● **Brief**
The reply should consist solely of the lines from the one with "Panda Print Crew" through the final line of the listing, copied exactly, with no pictures.

● **Data segment**

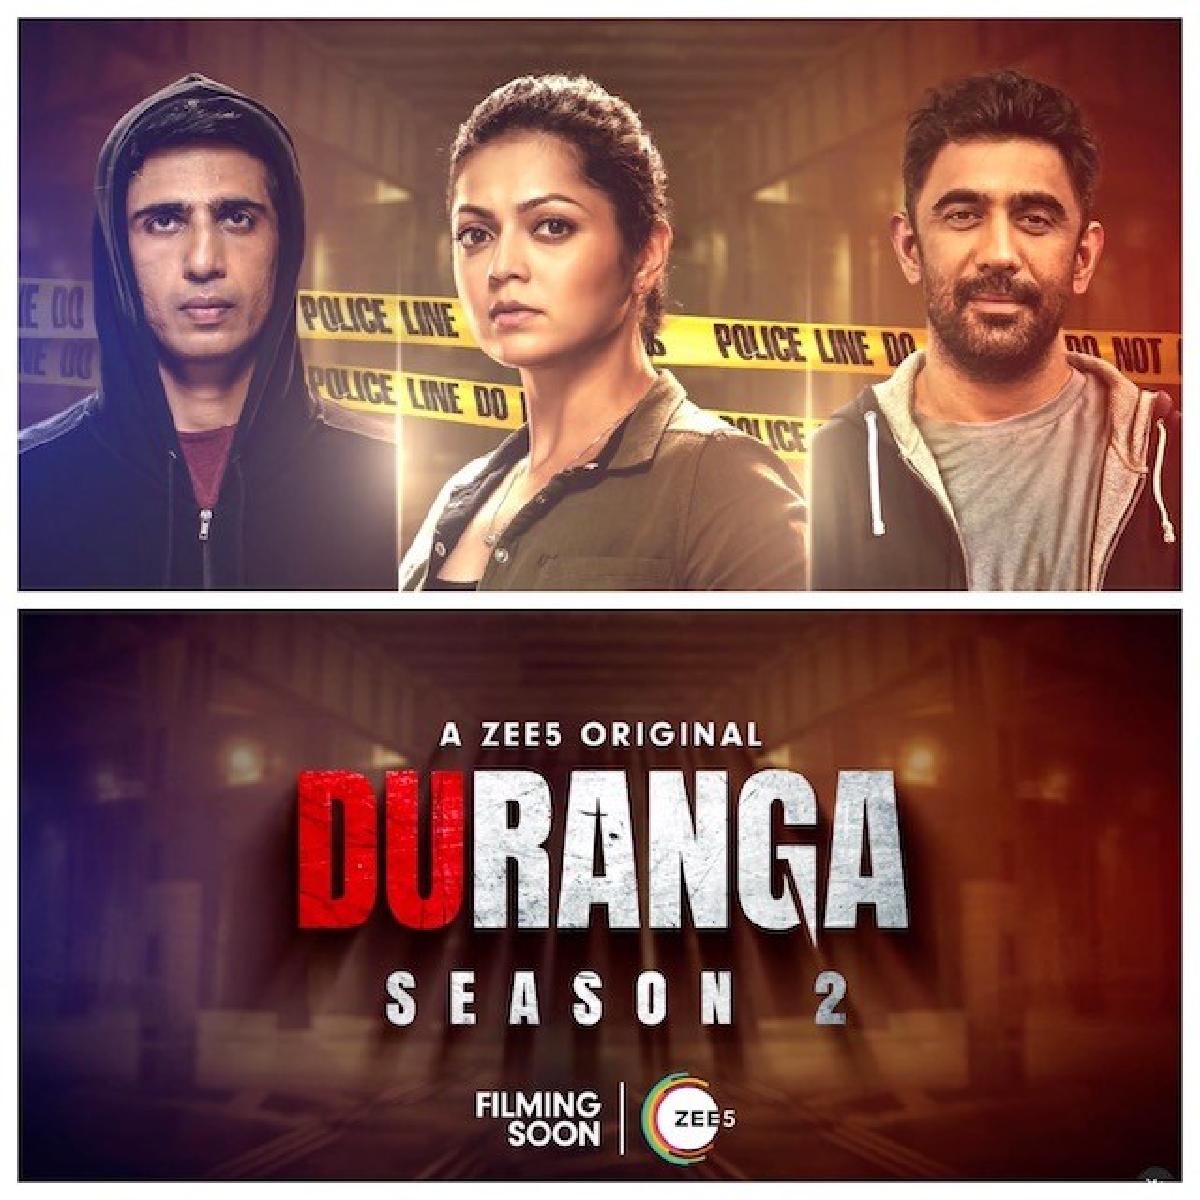 Duranga Season 2 Coming Soon, Starring Amit Sadh, Drashti Dhami and Gulshan Devaiah
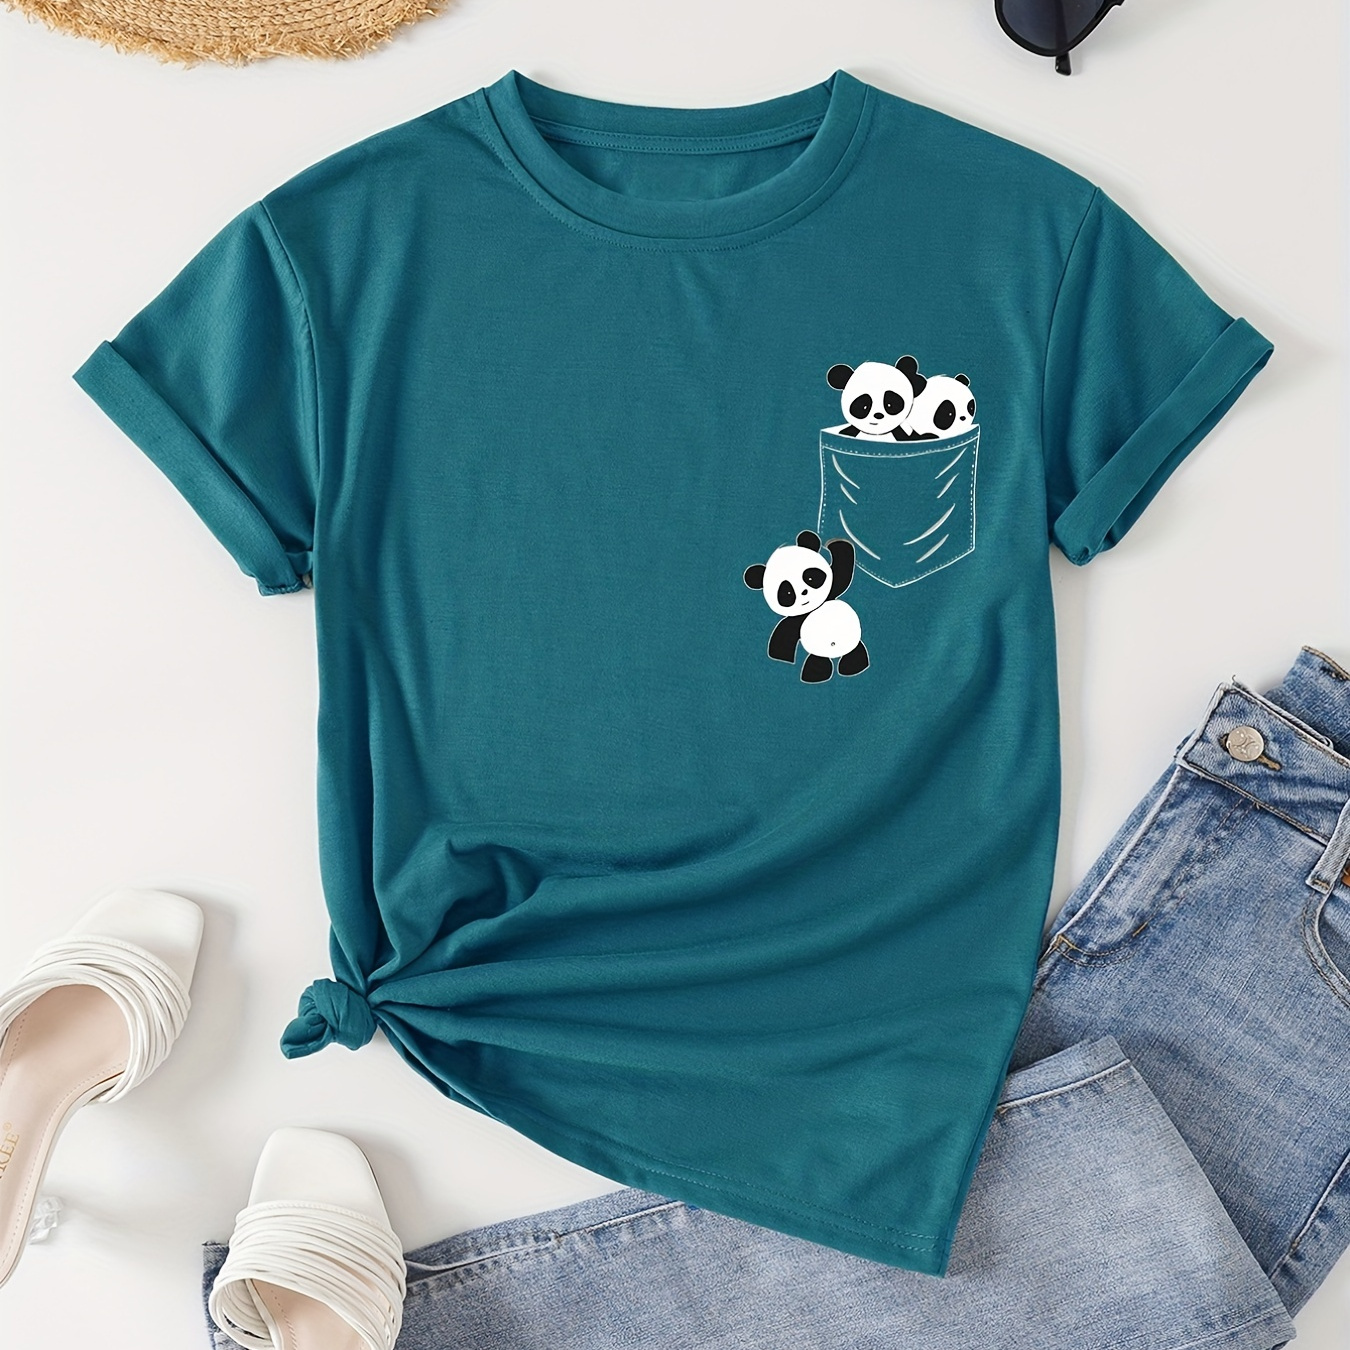 

Panda Print Crew Neck T-shirt, Casual Short Sleeve T-shirt For Spring & Summer, Women's Clothing
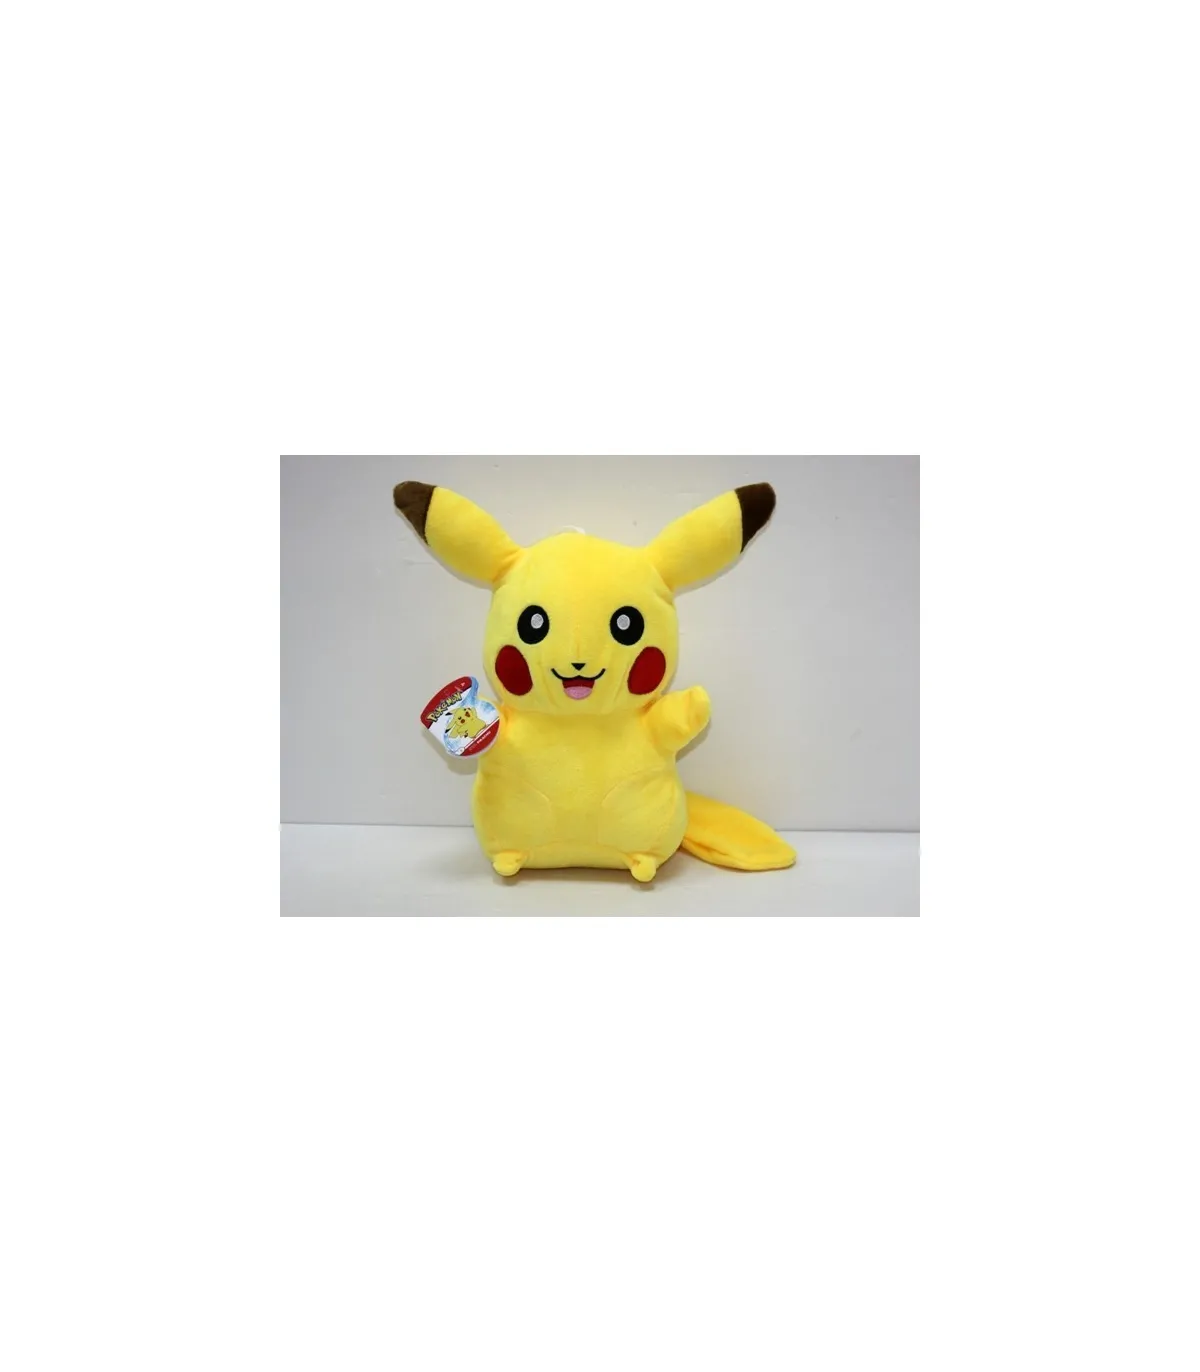 Compra ya tu Pikachu peluche de 65cm por solo 52,49 €
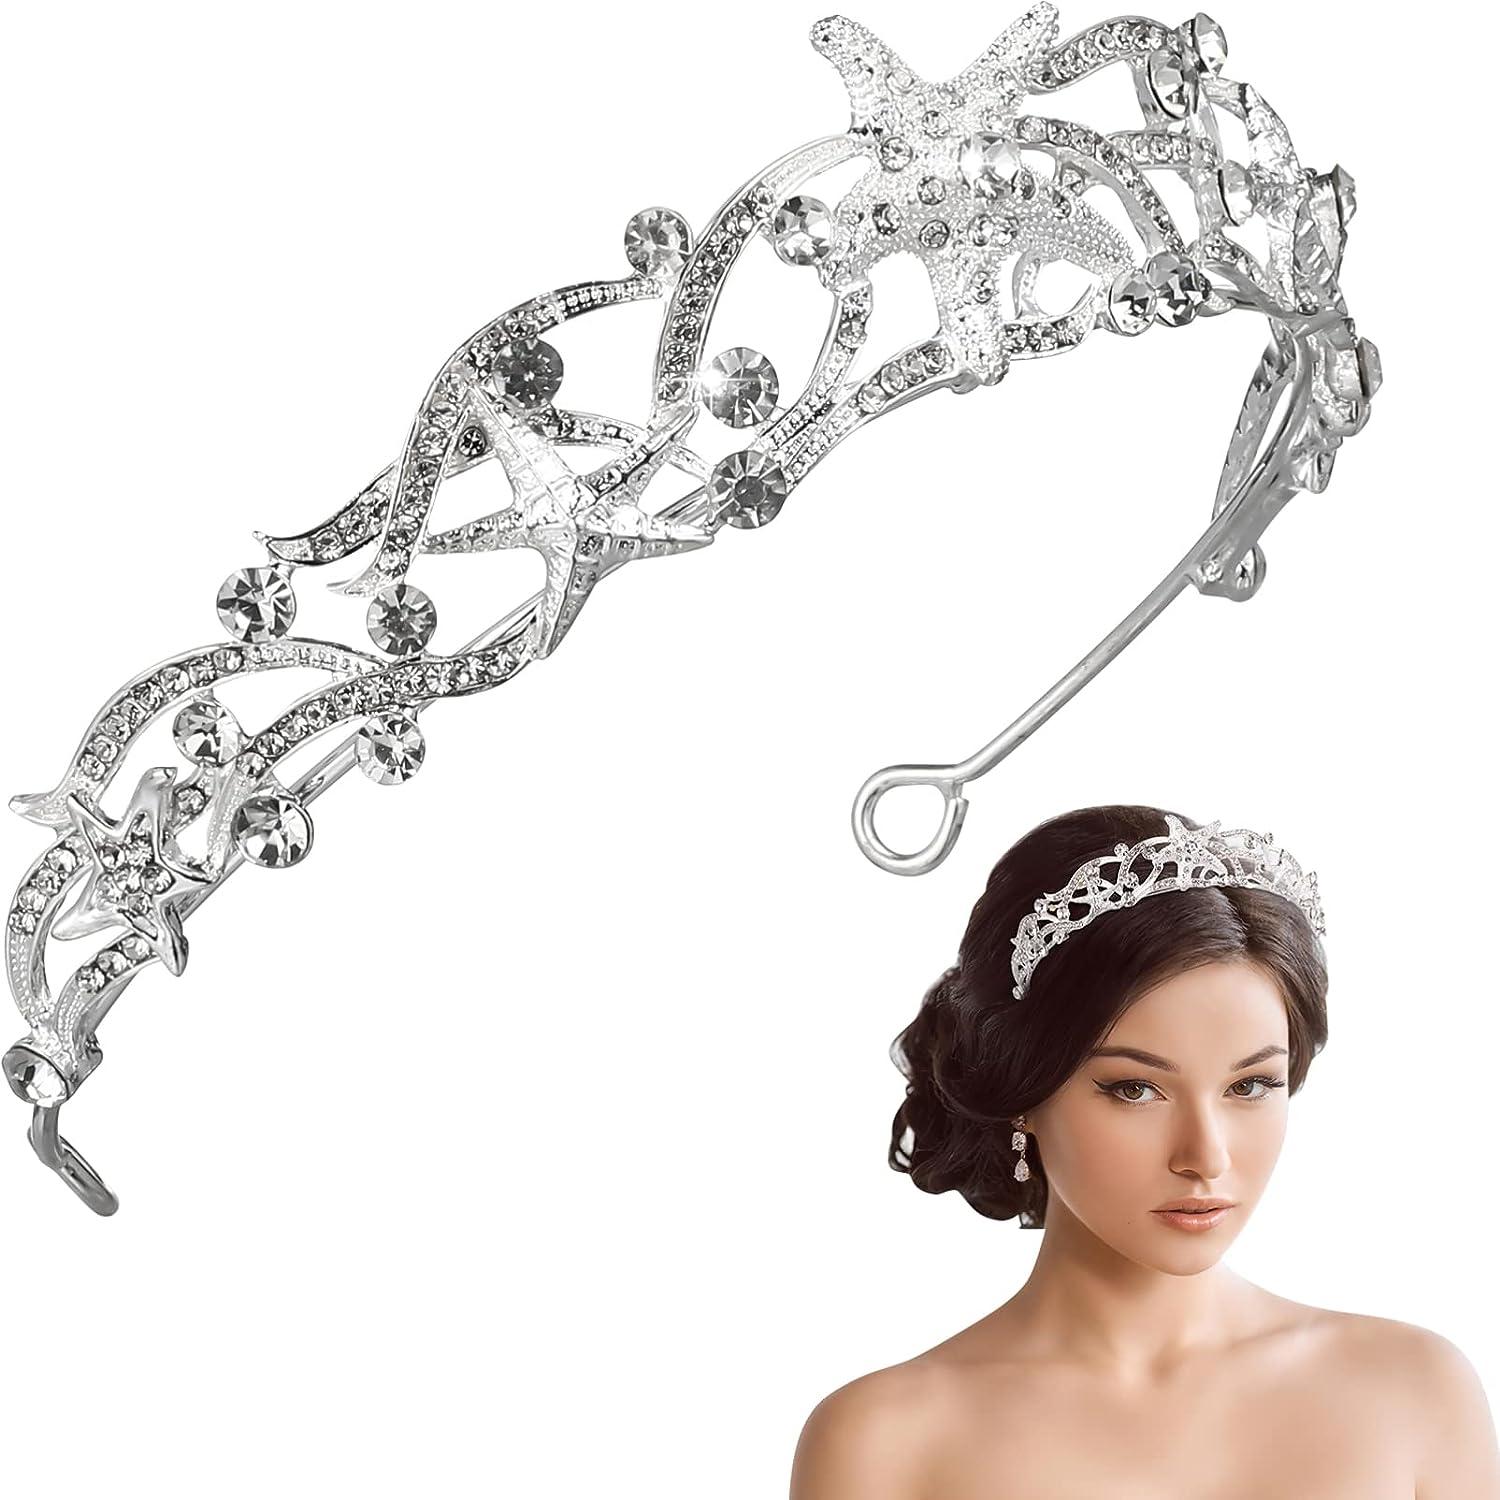  Beaupretty hexagram headband womens headbands delicate bridal  hairband tiara wedding headpiece crowns for women dresses for girls  exquisite headband decor woman Diamond Metal : Beauty & Personal Care

● **Response to this exercise**
Panda Print Crew Neck T-shirt, Casual Short Sleeve T-shirt For Spring & Summer, Women's Clothing
 Compra ya tu Pikachu peluche de 65cm por solo 52,49 €
  Beaupretty hexagram headband womens headbands delicate bridal  hairband tiara wedding headpiece crowns for women dresses for girls  exquisite headband decor woman Diamond Metal : Beauty & Personal Care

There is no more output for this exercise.